THE TASK >> From the line that contains "Caleb Bunselmeyer experimentally" down to the last line of the listing below, reproduce each line exactly but not the pictures.

DATASET SECTION >>
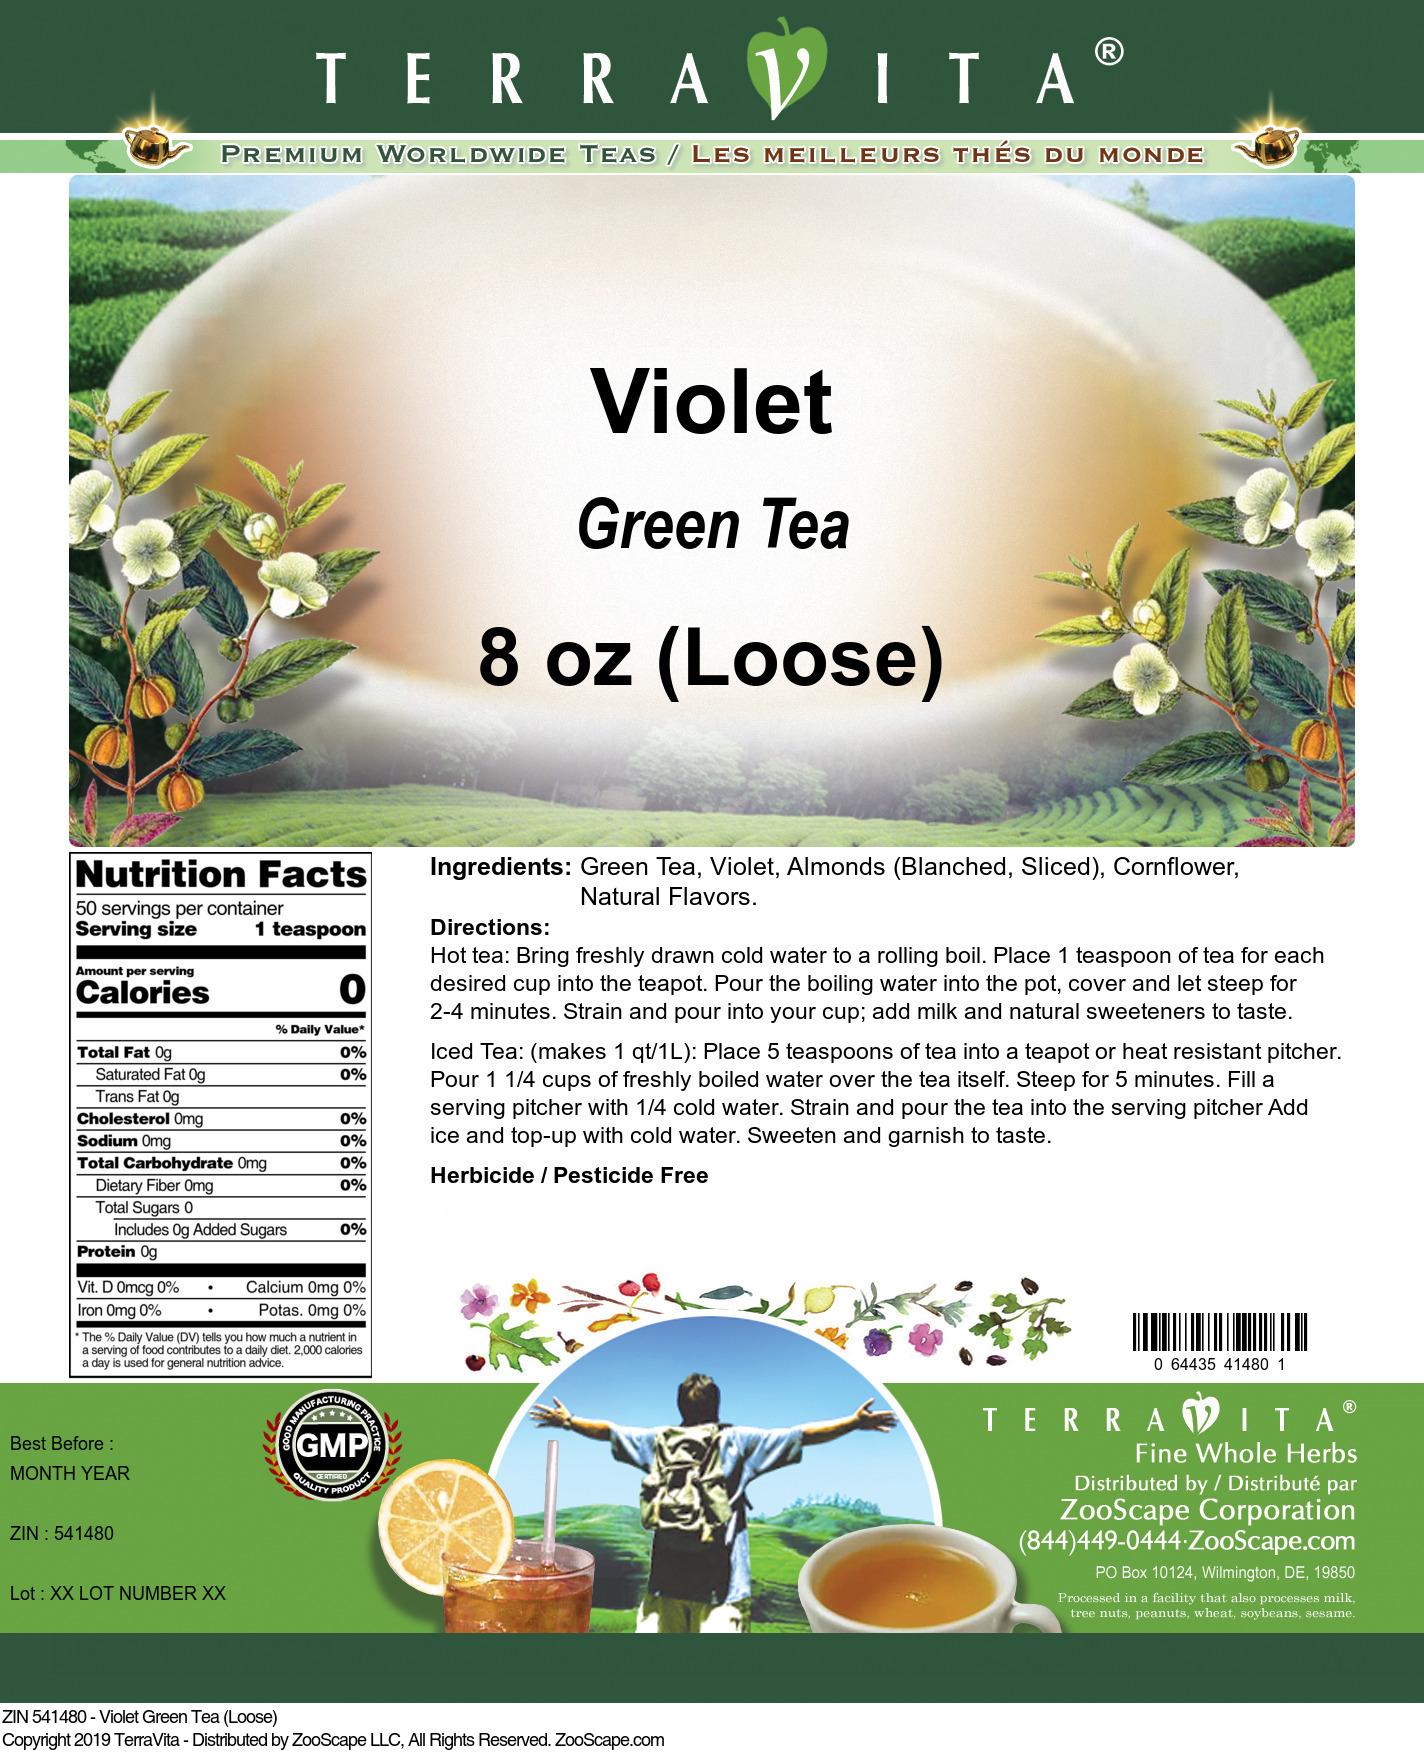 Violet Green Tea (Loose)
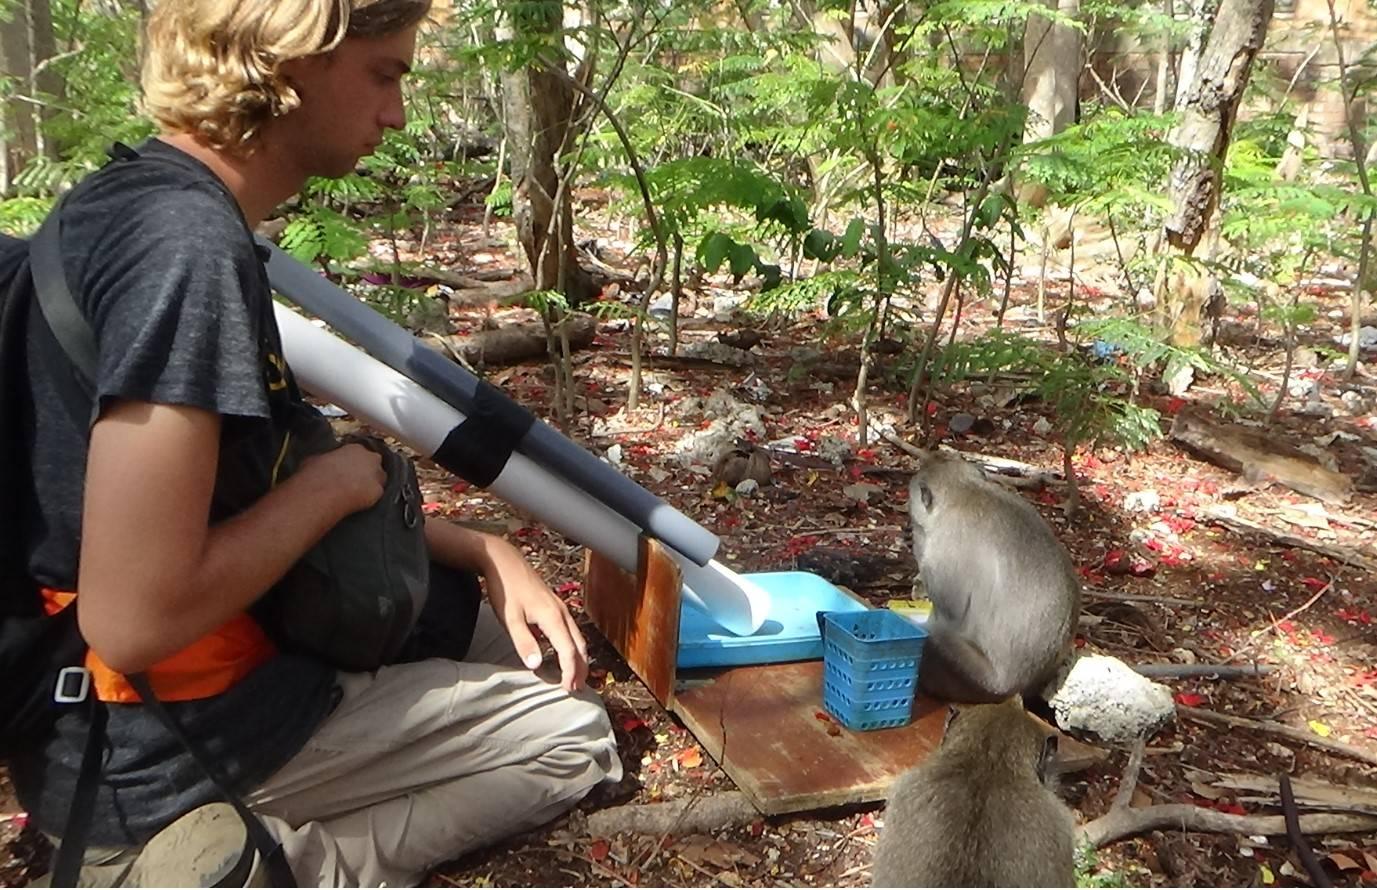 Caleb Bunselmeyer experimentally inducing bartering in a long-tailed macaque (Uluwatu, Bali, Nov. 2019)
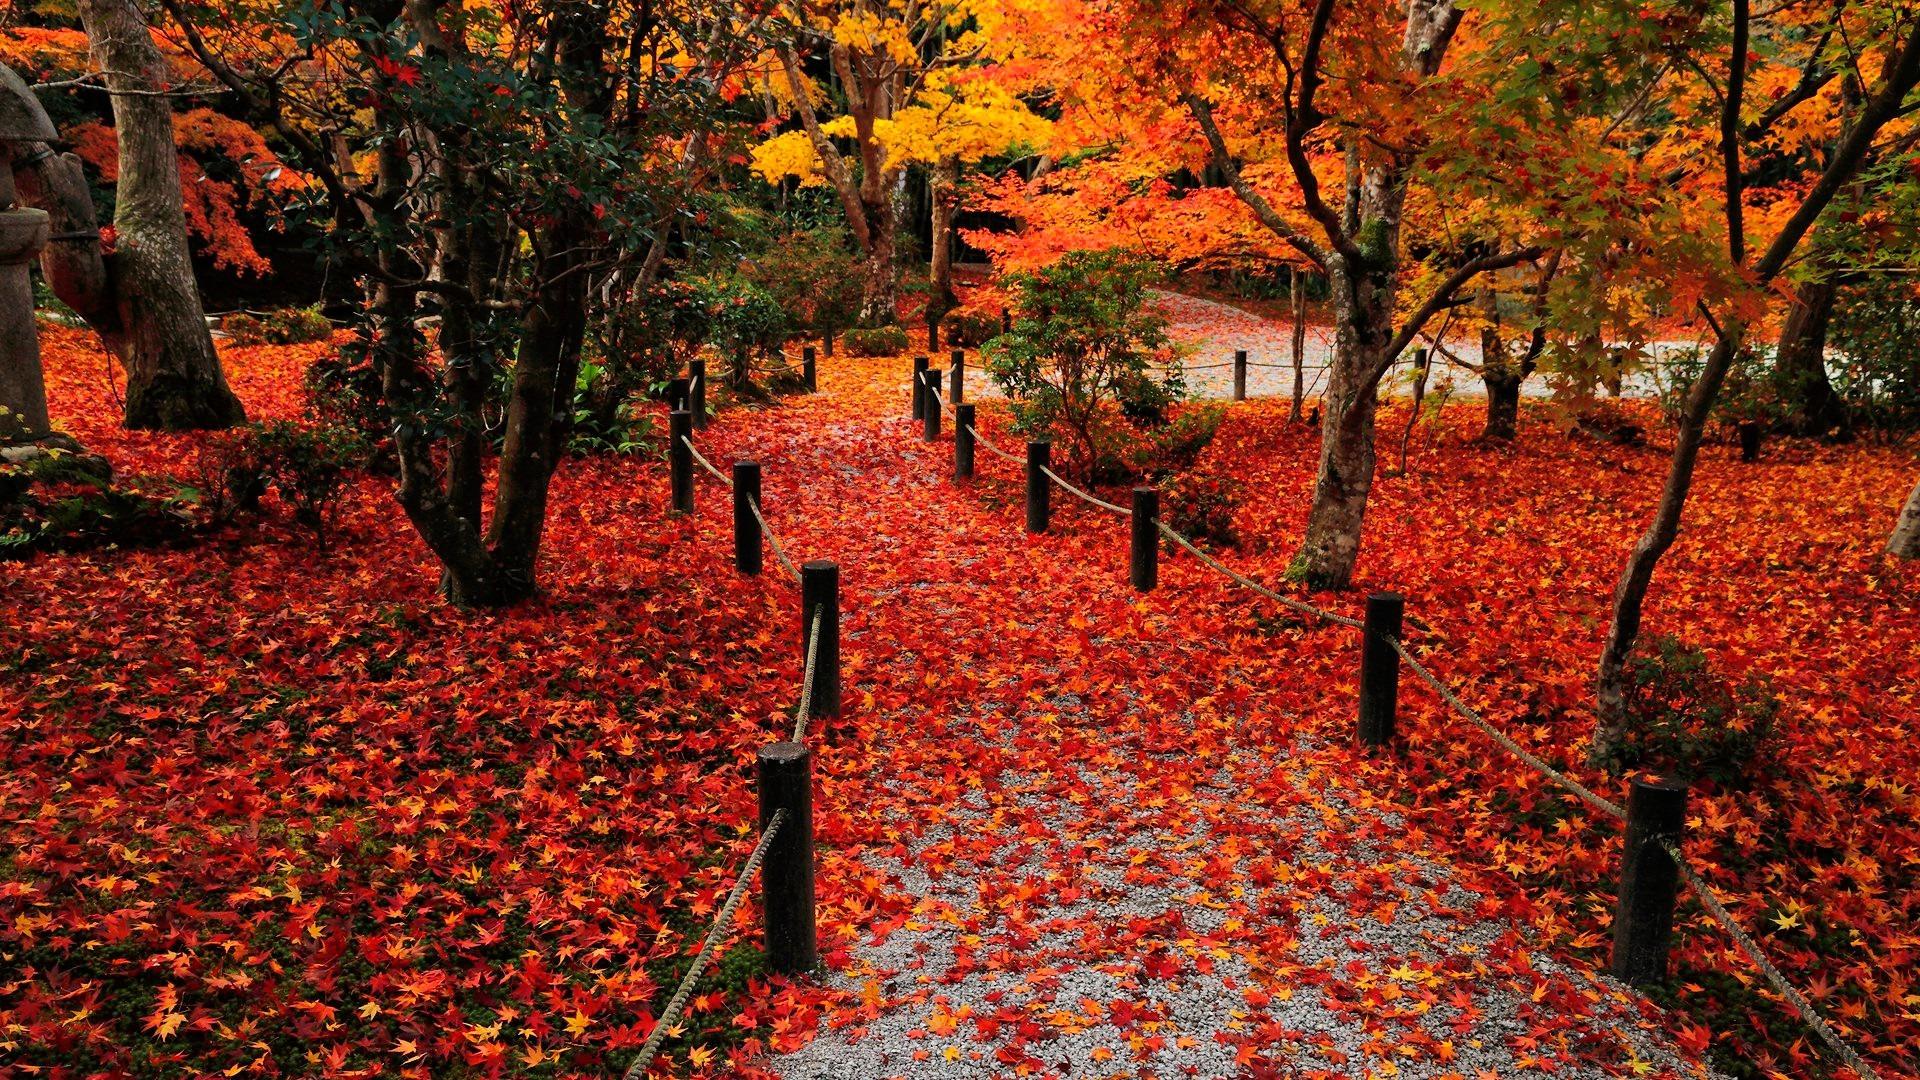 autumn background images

TASK ANSWER >>
 Caleb Bunselmeyer experimentally inducing bartering in a long-tailed macaque (Uluwatu, Bali, Nov. 2019)
 autumn background images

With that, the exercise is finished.